Театральность показанной на сцене ситуации постоянно обыгрывается драматургом. Весь мир для него — это повозка Фесписа. Не случайно в фильме, снятом им по пьесе в 1990 году, фургон бродячих актеров мгновенно трансформируется в сцену, заполняющую собою весь экран. В представлениях бродячих артистов Роз и Гил, как именует их драматург, хотят найти то, чего так не хватает им в реальной жизни. «Я хочу хорошую историю — с началом, серединой и концом», — замечает Розенкранц. «Я предпочел бы искусство как зеркало жизни. Если тебе не все равно», — дополняет Гильденстерн [1, с. 75]. Проблема в том, что саму реальность нельзя назвать реалистической, а потому и жизнь, выстроенная Стоппардом в его пьесе, развивается по законам театра, и Розенкранц и Гильден-стерн в ней только персонажи. Как результат, их поведение на сцене эксцентрично, что проявляется, прежде всего, в речи персонажей. Их диалог — обмен короткими репликами, похожими на легкие уколы шпаги и не способными что-либо прояснить.

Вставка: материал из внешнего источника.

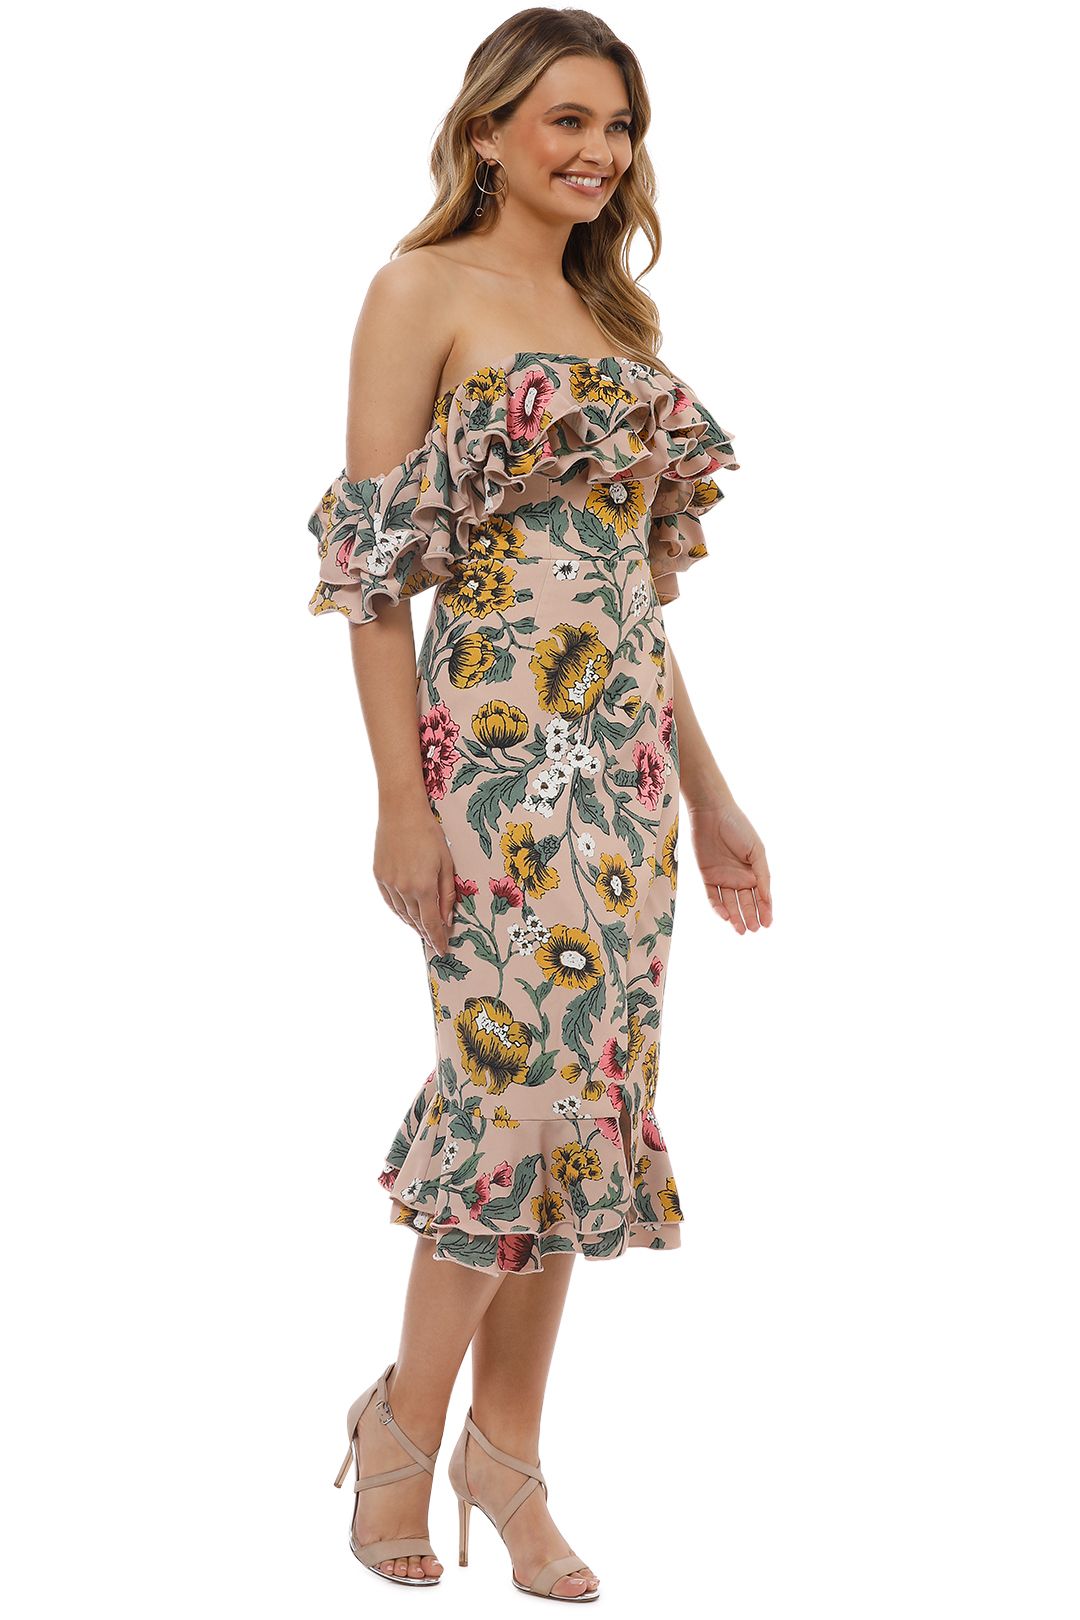 Cameo - Immerse Midi Dress - Blush Floral - Side

Гильденстерн. А? (К Розенкранцу.) Почему?
Розенкранц. Именно.
Гильденстерн. Именно — что?
Розенкранц. Именно почему.
Гильденстерн. Что именно почему?
Розенкранц. Что?
Гильденстерн. Почему?
Розенкранц. Что почему, собственно?
Гильденстерн. Почему он безумен?
Розенкранц. Понятия не имею [там же, с. 62].

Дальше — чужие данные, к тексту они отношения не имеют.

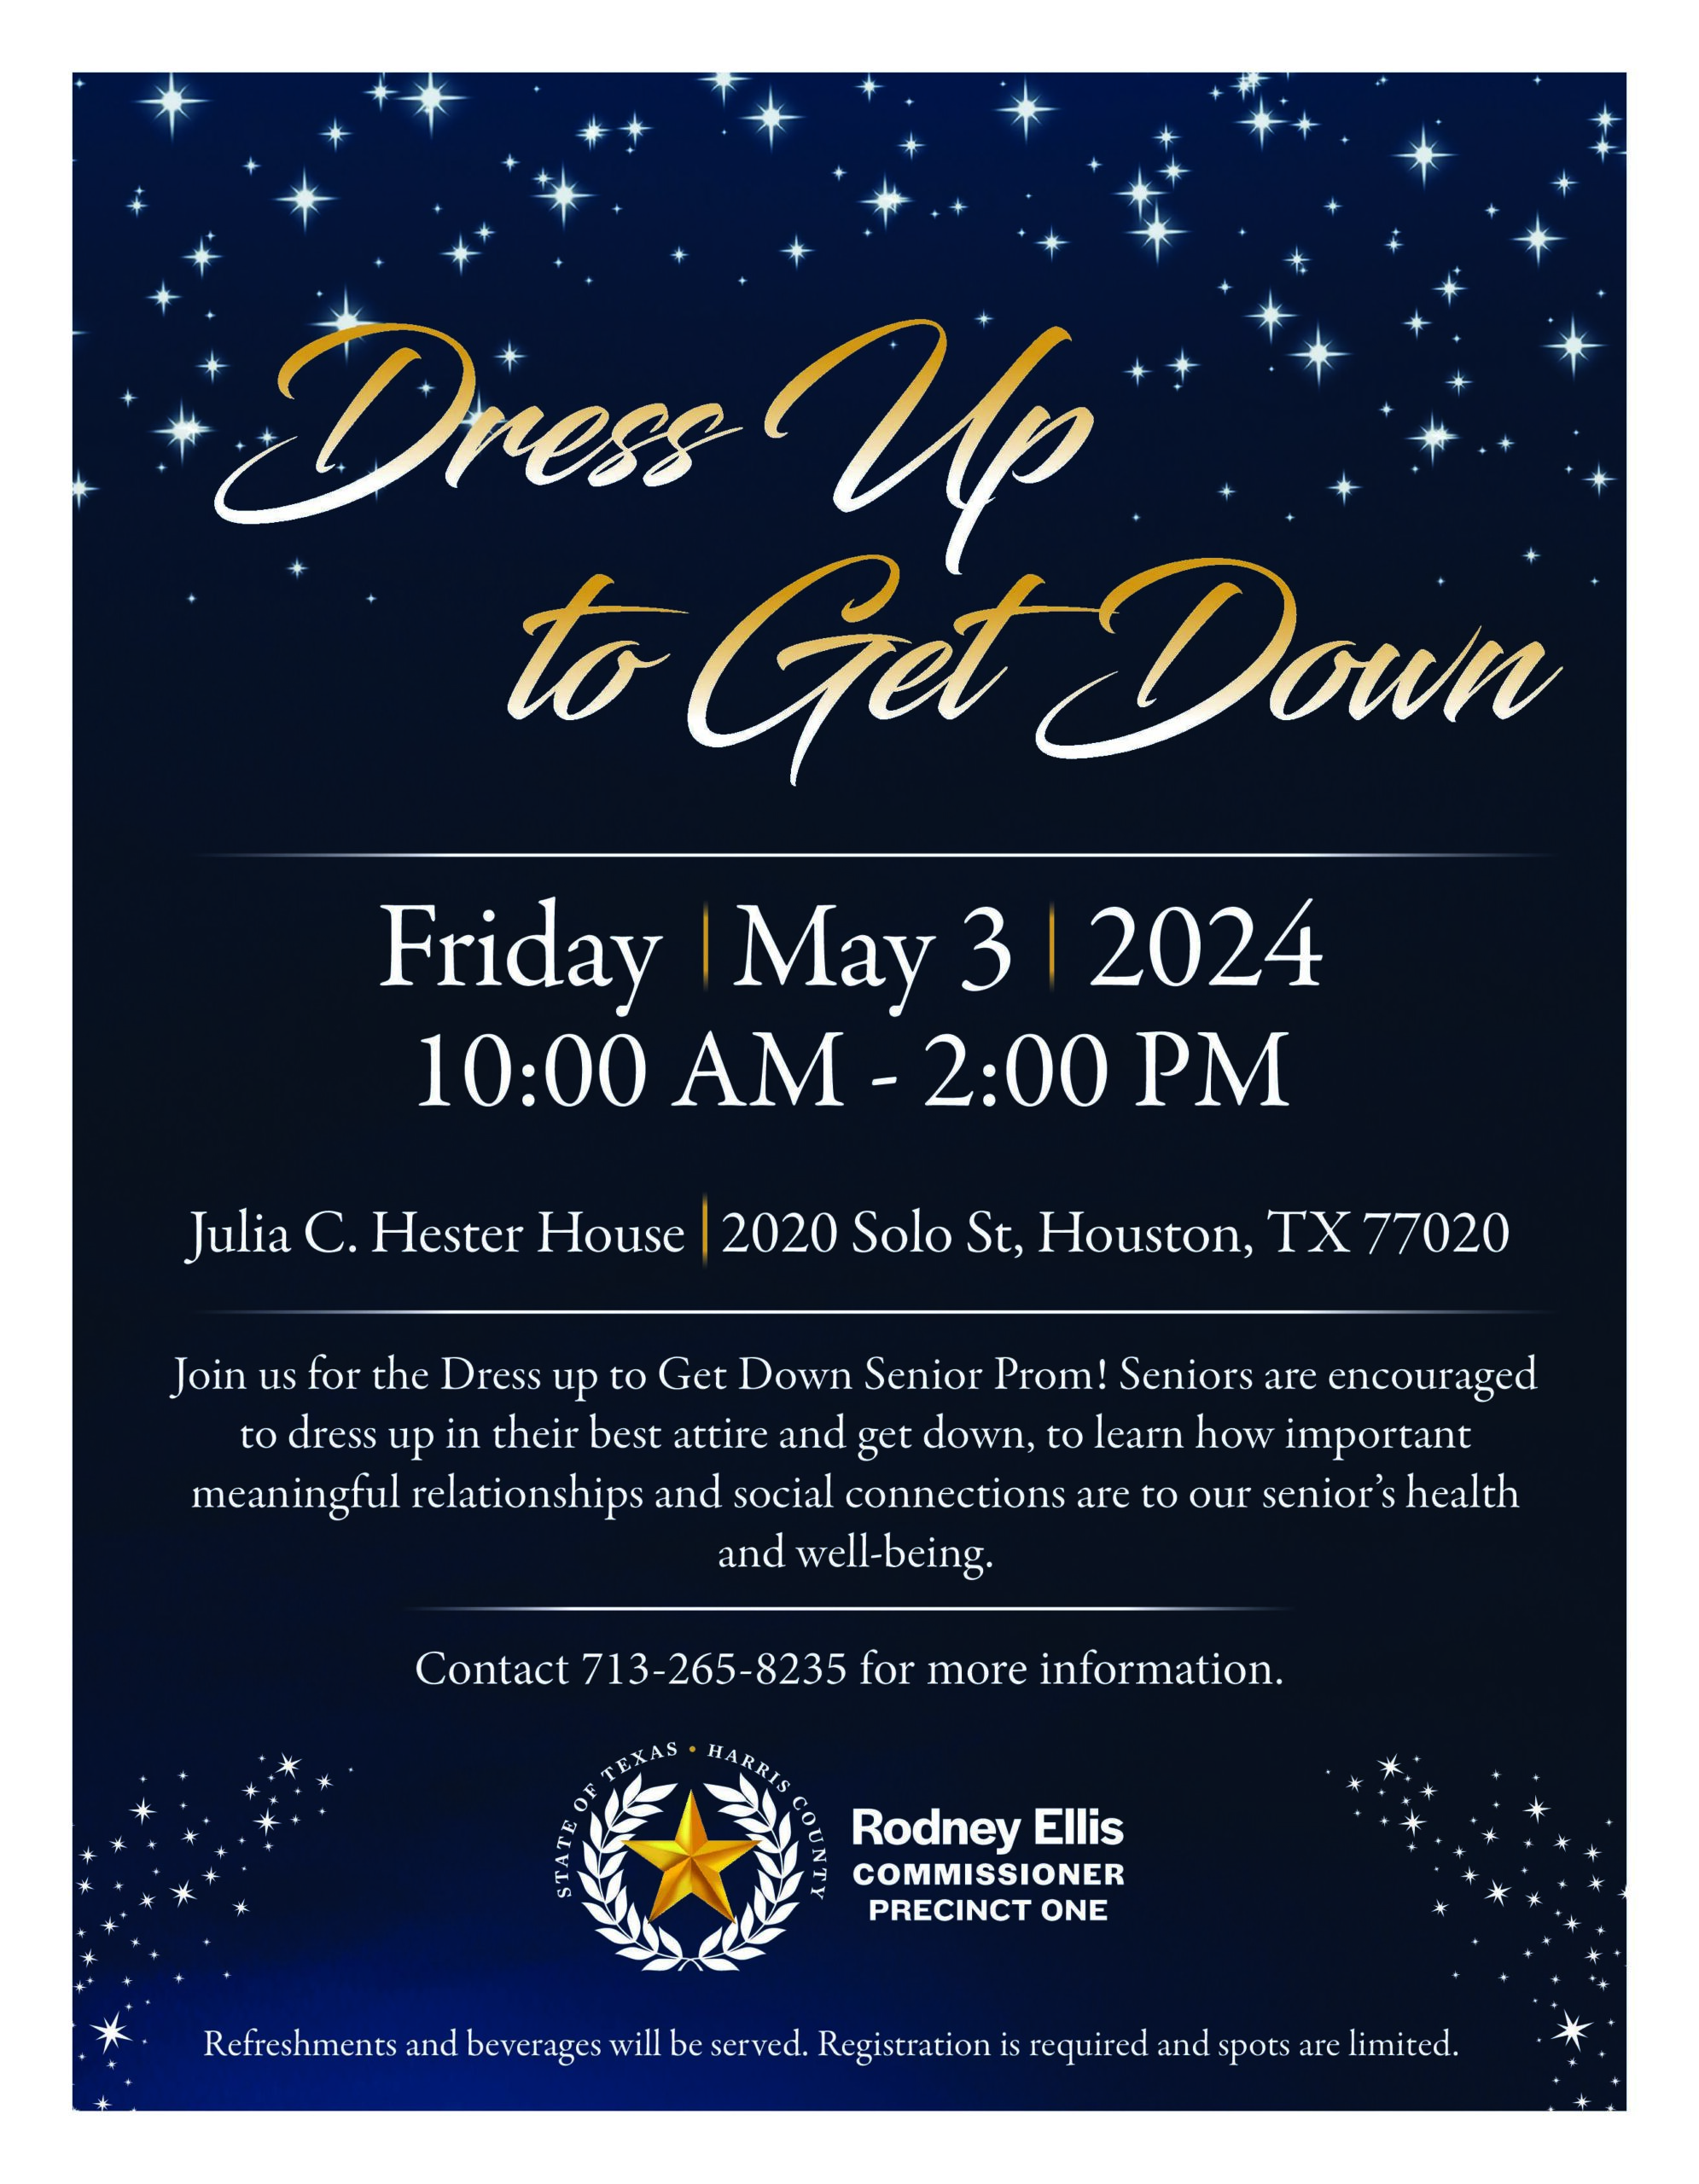 Dress Up to Get Down Senior Prom Flyer

Охотясь за принцем Гамлетом, они уподобляются двум злокозненным, но и наивным клоунам, разыгрывающим
перед публикой свои нехитрые репризы. Скажем, в сцене, когда, связав свои ремни, они пытаются с их помощью устроить для Гамлета засаду, в результате чего у Розенкранца, естественно, падают штаны. Или в сцене, когда по приказу короля они ищут Гамлета, убившего Полония.

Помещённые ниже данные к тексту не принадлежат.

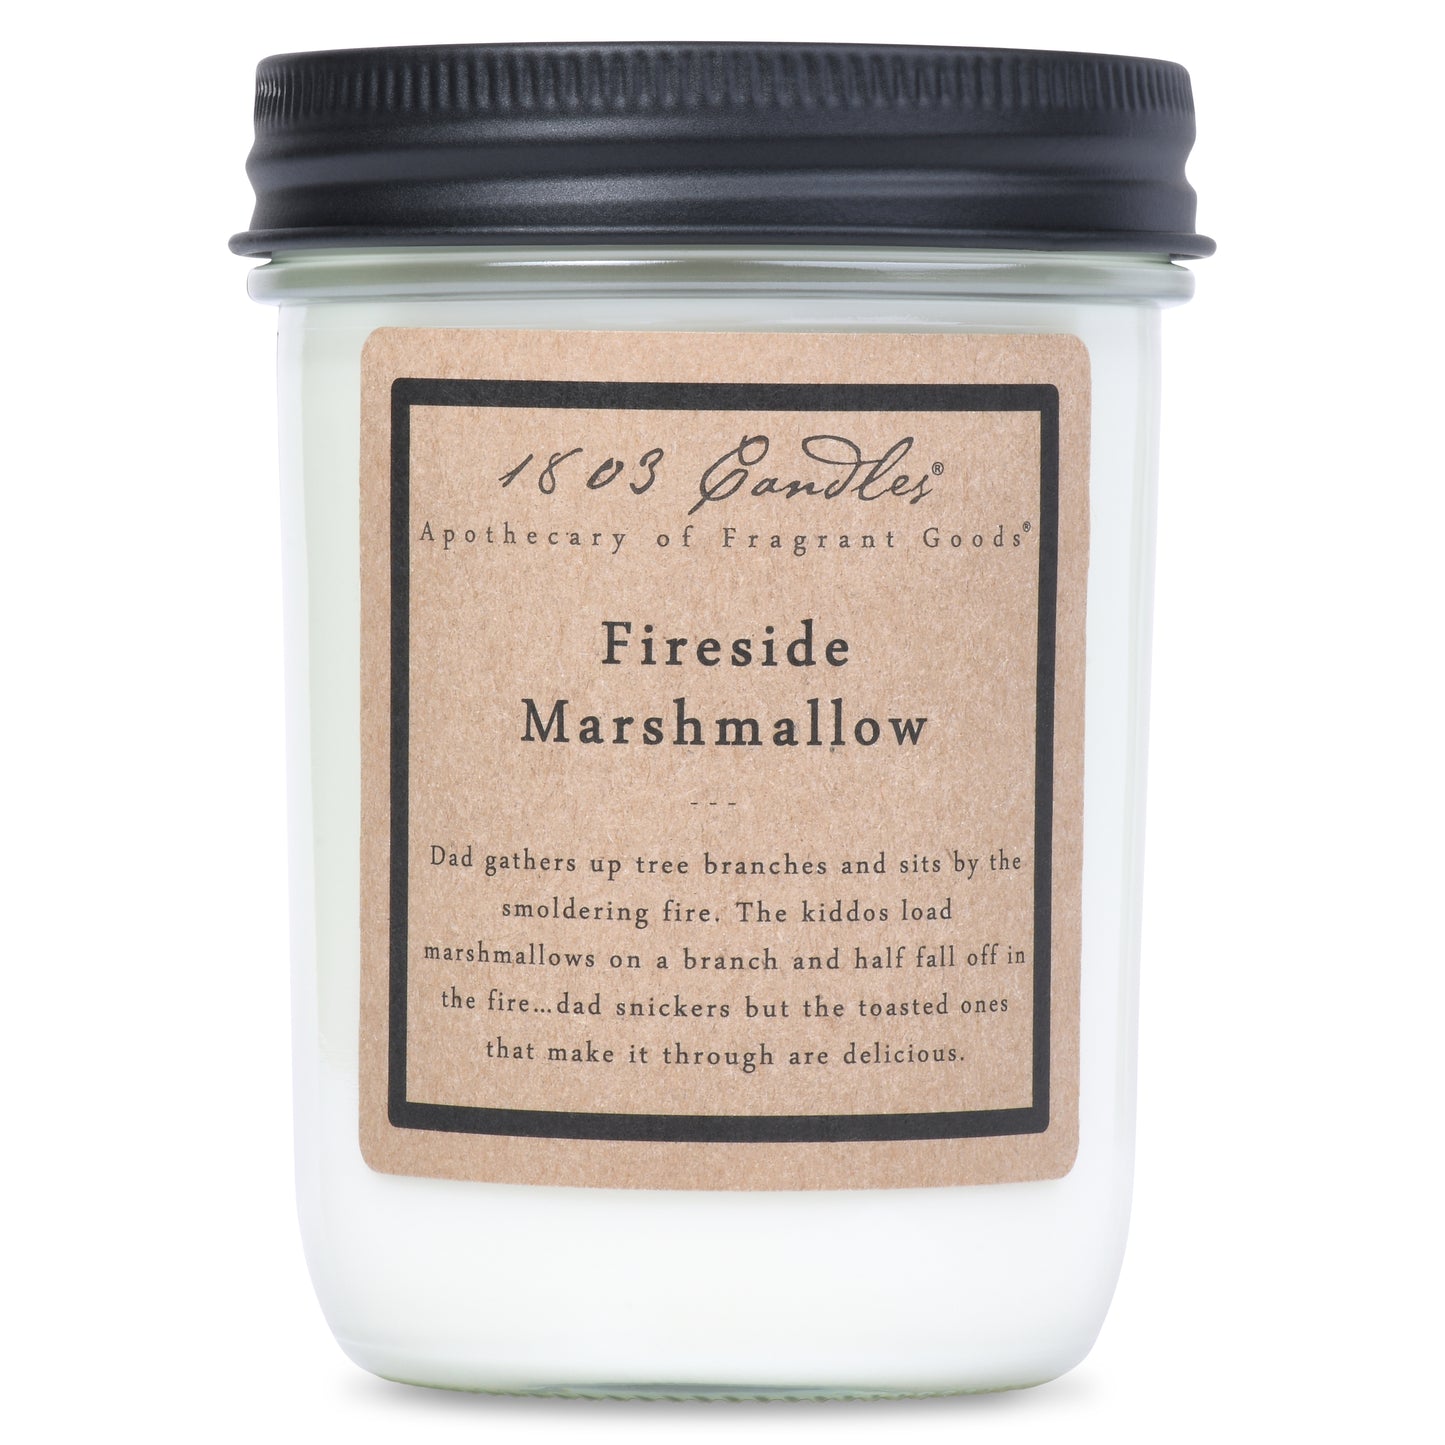 1803 Candles: Fireside Marshmallow 14oz. Jar Candle

Гильденстерн. Отлично — ты идешь в эту сторону, я — в ту.
Розенкранц. Ладно.
Идут к разным кулисам. Розенкранц останавливается,
Нет.
Гильденстерн останавливается,
Ты иди в ту, а я — в эту.
Гильденстерн. Отлично.
Идут навстречу друг другу, Расходятся, Розенкранц останавливается,
Розенкранц. Погоди минутку.
Гильденстерн останавливается,
Я думаю, надо держаться вместе. Может, он небезопасен.
Гильденстерн. Разумно. Я пойду с тобой.
Гильденстерн идет к Розенкранцу, минует его, Розенкранц останавливается,
Розенкранц. Нет, я пойду с тобой.
Гильденстерн. Ладно.
Они поворачивают, идут через сцену к другой кулисе, Розенкранц останавливается, Гильденстерн тоже,
Розенкранц. Я пойду с тобой, но в мою сторону.
Гильденстерн. Отлично.
Опять поворачивают и идут через сцену, Розенкранц останавливается, Гильденстерн тоже,
Розенкранц. Слушай, мне пришло в голову. Если мы оба уйдем, он может прийти сюда. Глупо получится, а?
Гильденстерн. Прекрасно — я остаюсь, ты — идешь [там же, с. 81-82].
У профессиональных актеров есть одно существенное преимущество перед их зрителями — актерами, поневоле втянутыми в это представление. Они, как утверждает их предводитель, всё знают о смерти, ведь им постоянно приходится на сцене умирать, и им это удается лучше всего: «Они умирают героически, комически, иронически, медленно, бы-
стро, отвратительно, очаровательно и, наконец, на котурнах» [там же, с. 77]. Вопрос о смерти, так же как у Метерлинка или Беккета, оказывается главным в этой пьесе. Ведь само ее название «Розенкранц и Гильденстерн мертвы» говорит о том, что ее герои нежизнеспособны уже с самого начала. Их участие в событиях шекспировской трагедии — лишь пассивное движение навстречу смерти, поэтому по ходу действия они постоянно обращаются мыслью к неизбежному. «Единственный вход: рождение, единственный выход — смерть», — замечает Гильденстерн [там же, с. 36]. «.Мы, должно быть, рождаемся с предчувствием смерти. Прежде чем узнаем это слово, прежде чем узнаем, что существуют вообще слова, являясь на свет, окровавленные и визжащие, мы уже знаем, что для всех компасов на свете есть только одно направление, и время — мера его», — дополняет его Розенкранц [там же, с. 65-66]. Причем если в начале действия Розенкранцу и Гильденстерну кажется, что у них еще есть варианты, что, если быть осторожными и следовать инструкциям, то все будет в порядке, то к финалу второго акта ощущение обреченности уже сковывает их.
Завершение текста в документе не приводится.